AARP Hearing Center
More financial professionals advising investors on saving for retirement will be required to act solely in those clients’ best interests, under a new federal regulation set to take effect this fall.
The Retirement Security Rule, finalized by the Department of Labor April 23, updates the definition of an investment advice fiduciary to apply to financial services providers who give paid advice to individual retirement account (IRA) owners, participants in workplace plans such as 401(k)s, and officials who administer those plans and manage savers’ assets.
The department says that designation prohibits advisers from boosting their bottom lines by steering savers toward retirement products that serve the advisers’ interests but may not best fit clients' needs.
“This rule will close loopholes in regulations that allow some financial professionals to steer retirement savers toward high-fee or inappropriate products for their own financial gain,” Nancy LeaMond, AARP’s chief advocacy and engagement officer, said at a White House event to announce the final version of the rule. "This is a common-sense rule that extends a framework that most financial advisers already operate under."
AARP and consumer protection groups have long sought tighter rules for financial advisers handling retirement savings vehicles such as IRAs, 401(k)s and annuities. AARP Chief Executive Officer Jo Ann Jenkins introduced President Joe Biden when he announced the proposed new rule in October.

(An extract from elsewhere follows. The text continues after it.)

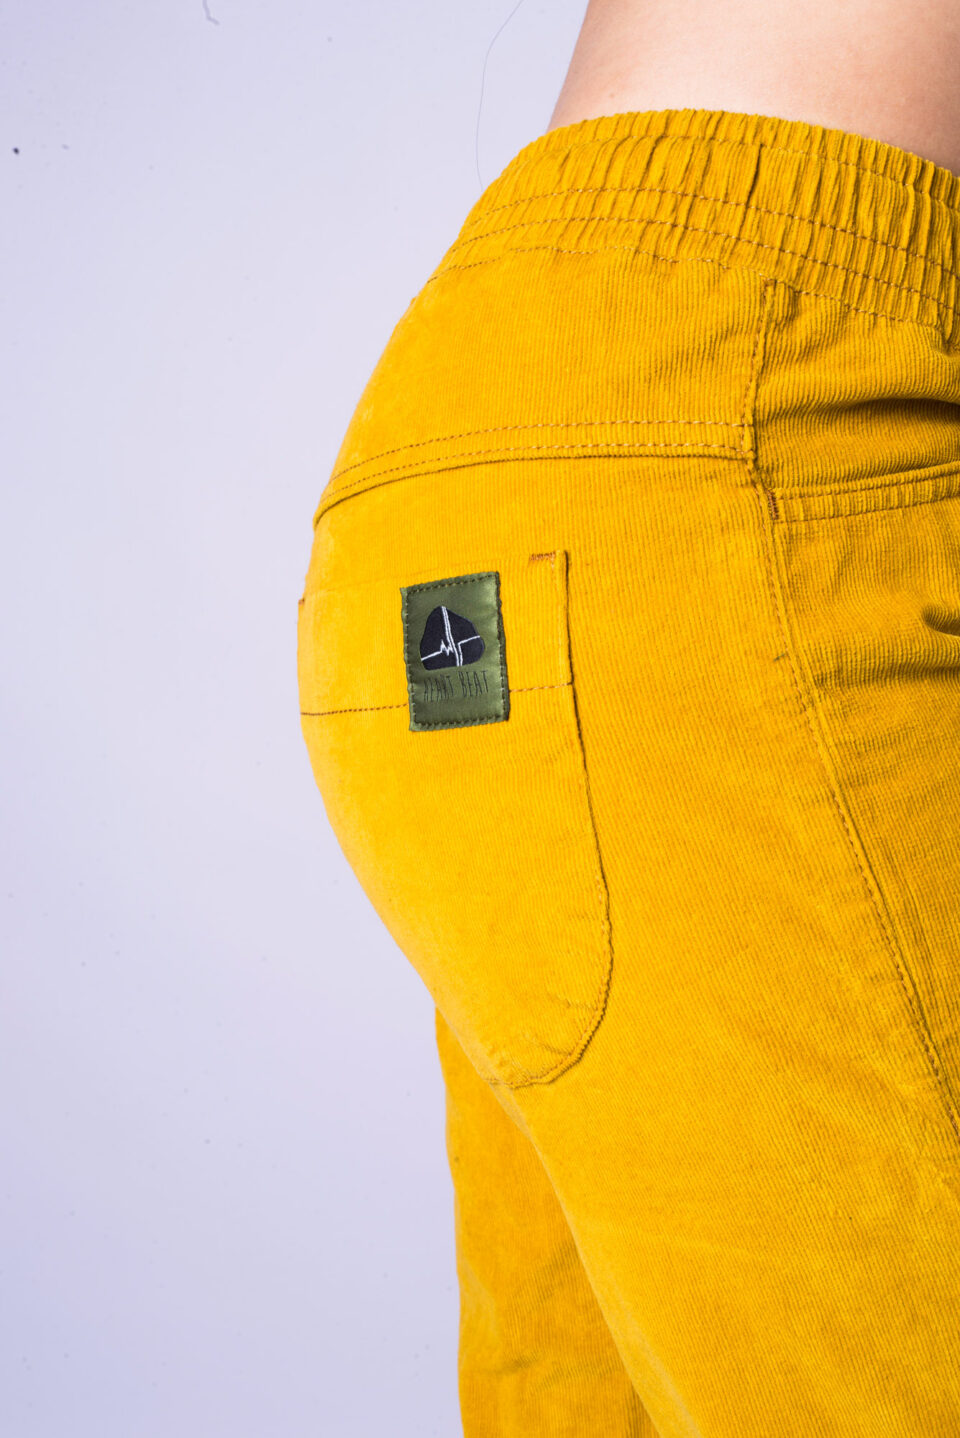 Rocket Pocket corduroy pants - yellow mustard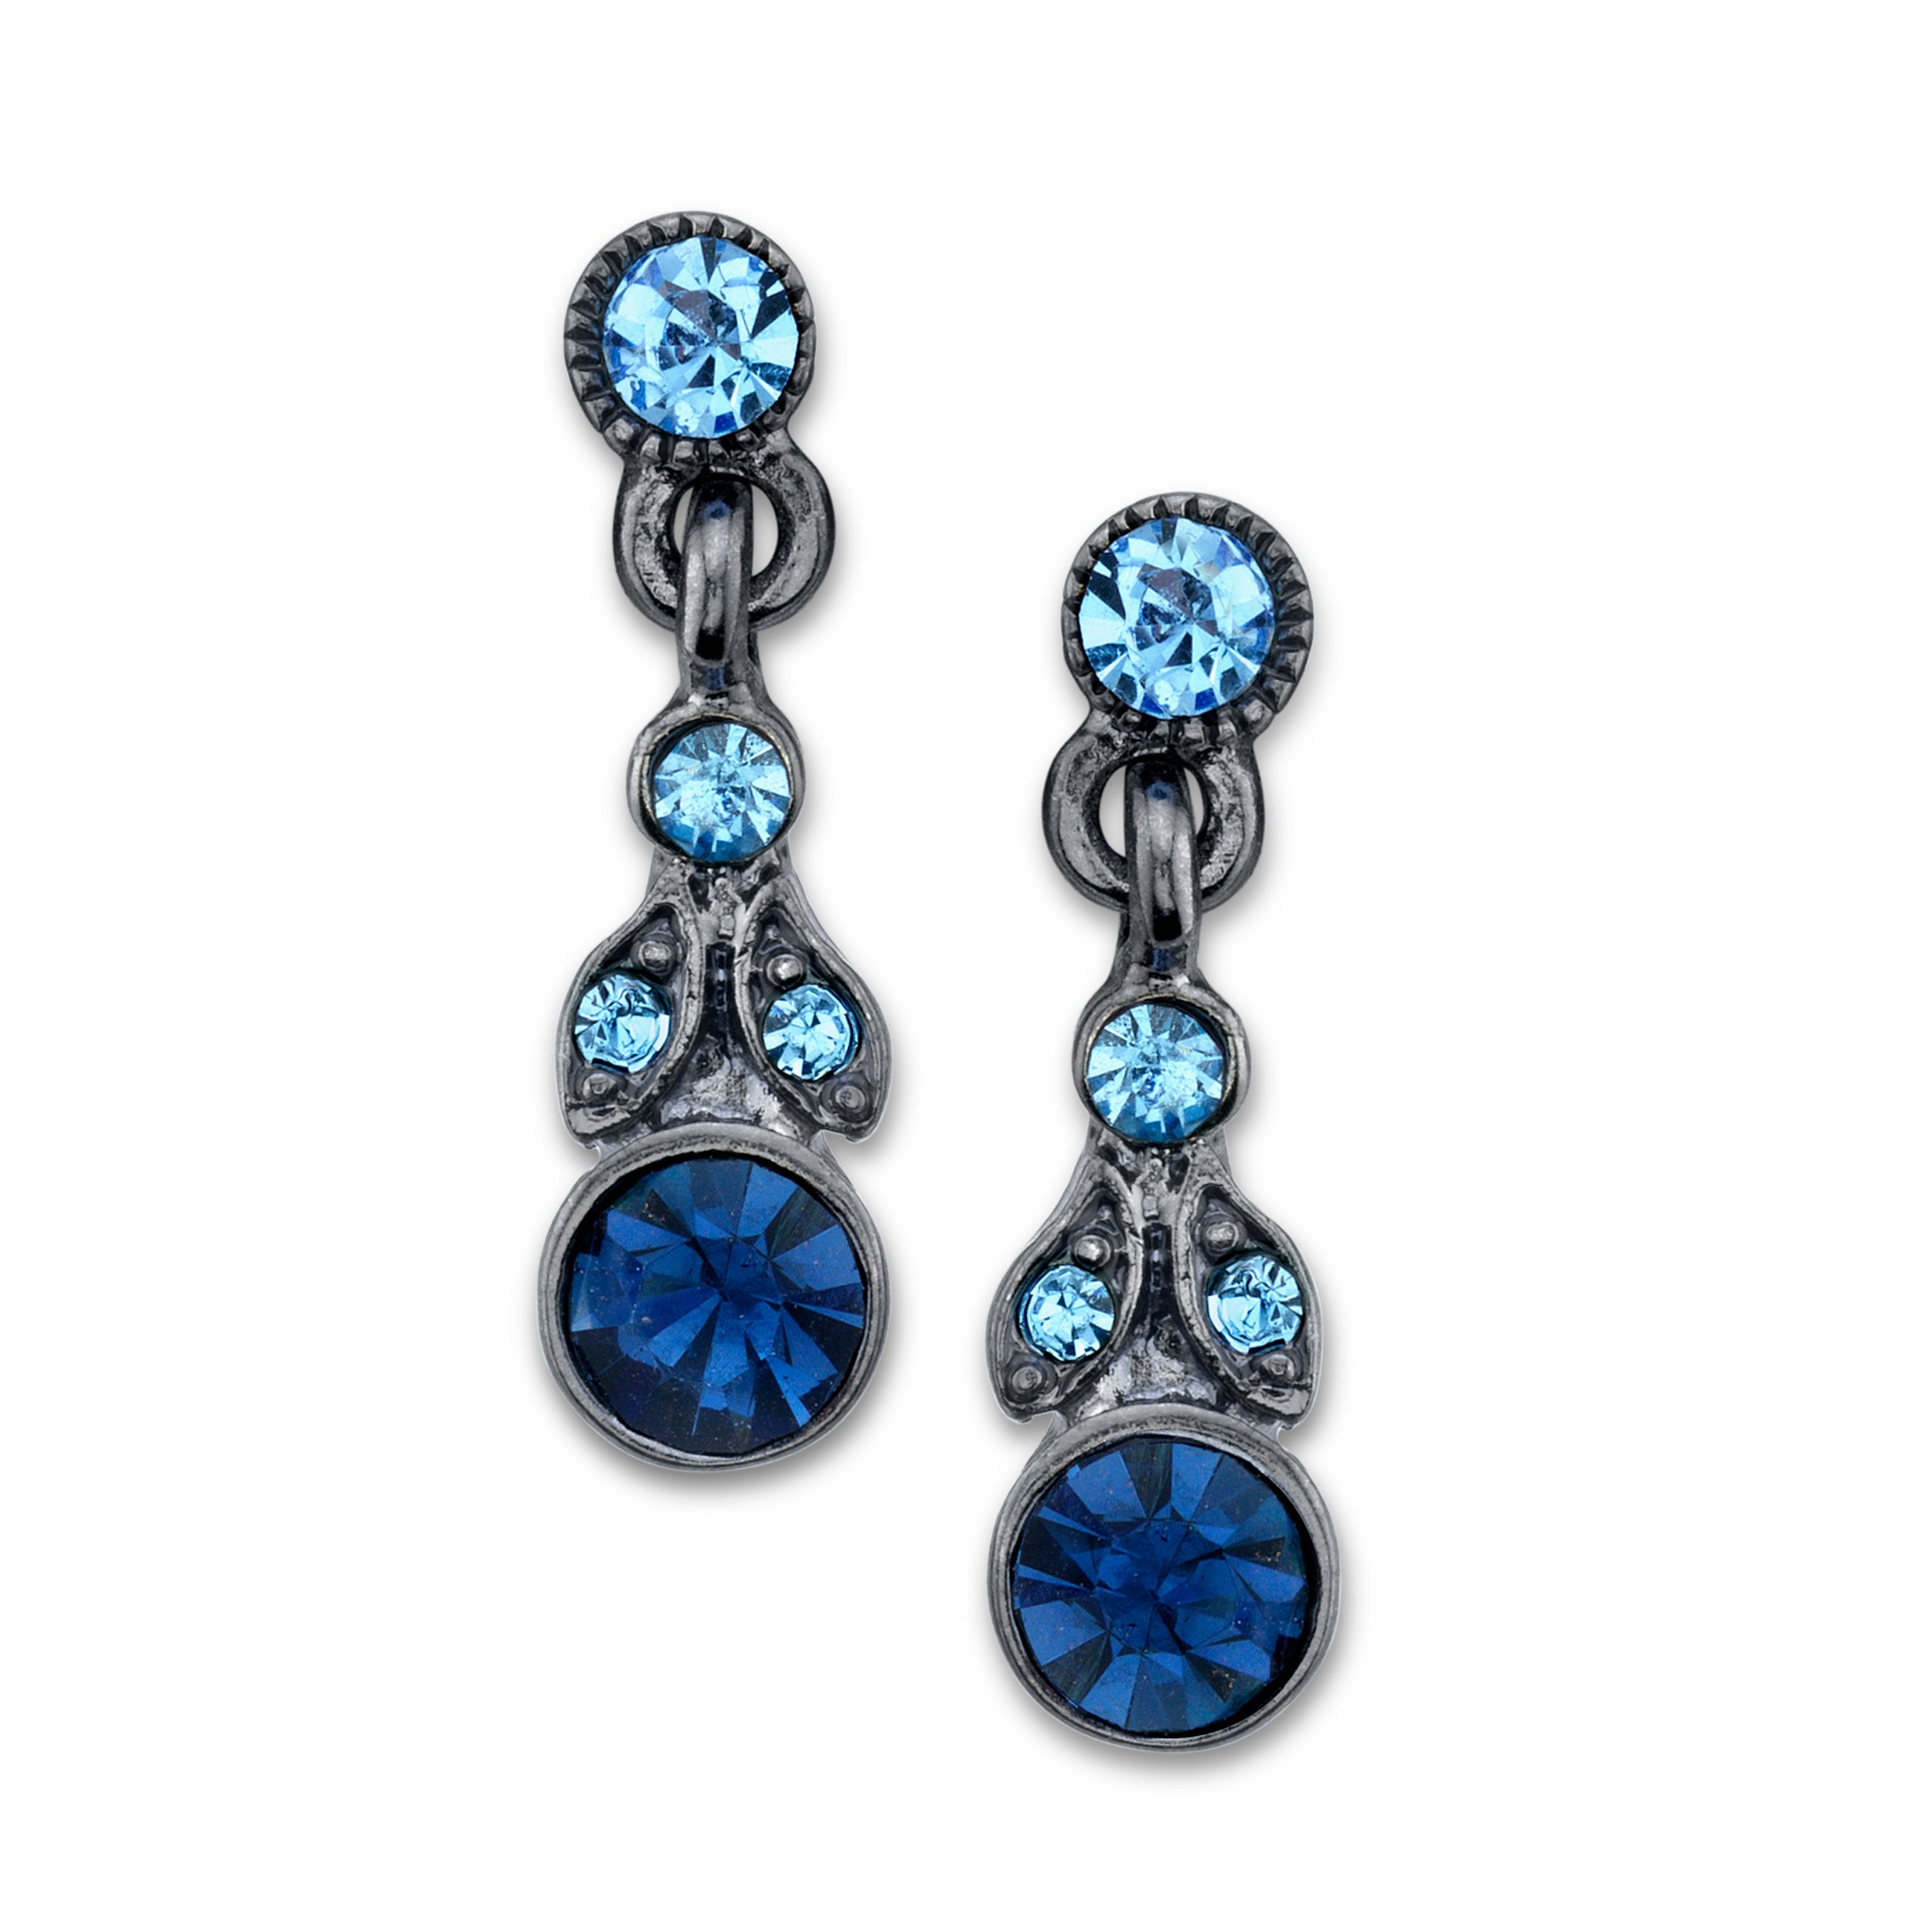 Super long bar dangle earrings, cobalt blue stone jewelry - Ruby Lane

“These new safeguards will save tens or even hundreds of thousands of dollars per impacted middle-class saver,” the White House said in an April 23 statement.
Crackdown on conflicts
Under the Retirement Security Rule, retirement advisers will be required to act in the saver’s best interest regardless of the type of investment they are recommending.
This builds on an existing Securities and Exchange Commission rule that sets the best-interest standard for advice on purchasing securities such as mutual funds but does not cover insurance products like fixed index annuities that are increasingly marketed to people saving for their retirement.